Goodenia stirlingii

Scientific classification
- Kingdom: Plantae
- Clade: Tracheophytes
- Clade: Angiosperms
- Clade: Eudicots
- Clade: Asterids
- Order: Asterales
- Family: Goodeniaceae
- Genus: Goodenia
- Species: G. stirlingii
- Binomial name: Goodenia stirlingii F.M.Bailey

= Goodenia stirlingii =

- Genus: Goodenia
- Species: stirlingii
- Authority: F.M.Bailey

Species of plant

Goodenia stephensonii is a species of flowering plant in the family Goodeniaceae and is endemic to north-eastern Queensland. It is an erect undershrub with narrow elliptic leaves and racemes of yellow flowers.

==Description==
Goodenia stirlingii is an erect undershrub that typically grows to a height of up to 30 cm and has glabrous foliage. The leaves are sessile, narrow elliptic, 20–40 mm long and 5–15 mm wide, with toothed edges.
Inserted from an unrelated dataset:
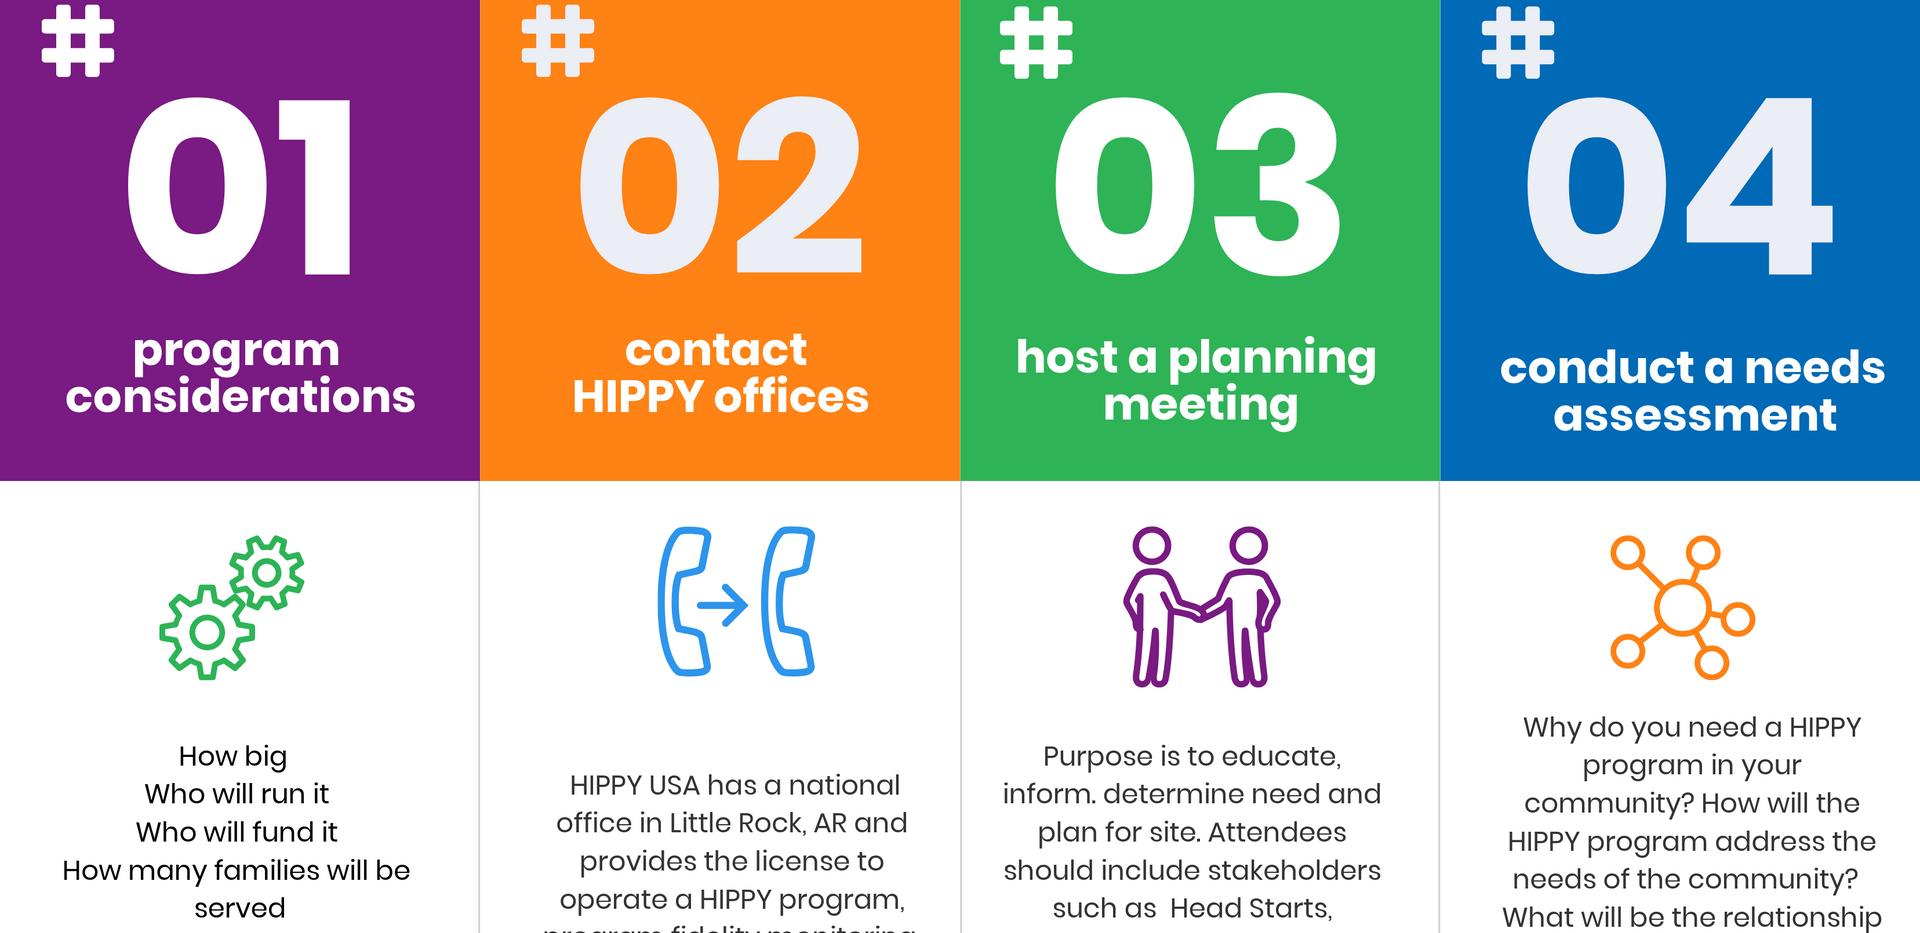 How Start a HIPPY Program

The flowers are arranged in racemes up to 100 mm long on a peduncle up to 5 mm long with leaf-like bracts and linear bracteoles about 5 mm long. The sepals are lance-shaped, 7–8 mm long, the corolla yellow and about 22 mm long. The lower lobes of the corolla are 6–8 mm long with wings 1–1.5 mm wide. Flowering mainly occurs from March to July.

==Taxonomy and naming==
Goodenia stirlingii was first formally described in 1904 by Frederick Manson Bailey in the Queensland Agricultural Journal from specimens collected by Dr. James Stirling near Herberton.

==Distribution==
This goodenia occurs in north-eastern Queensland.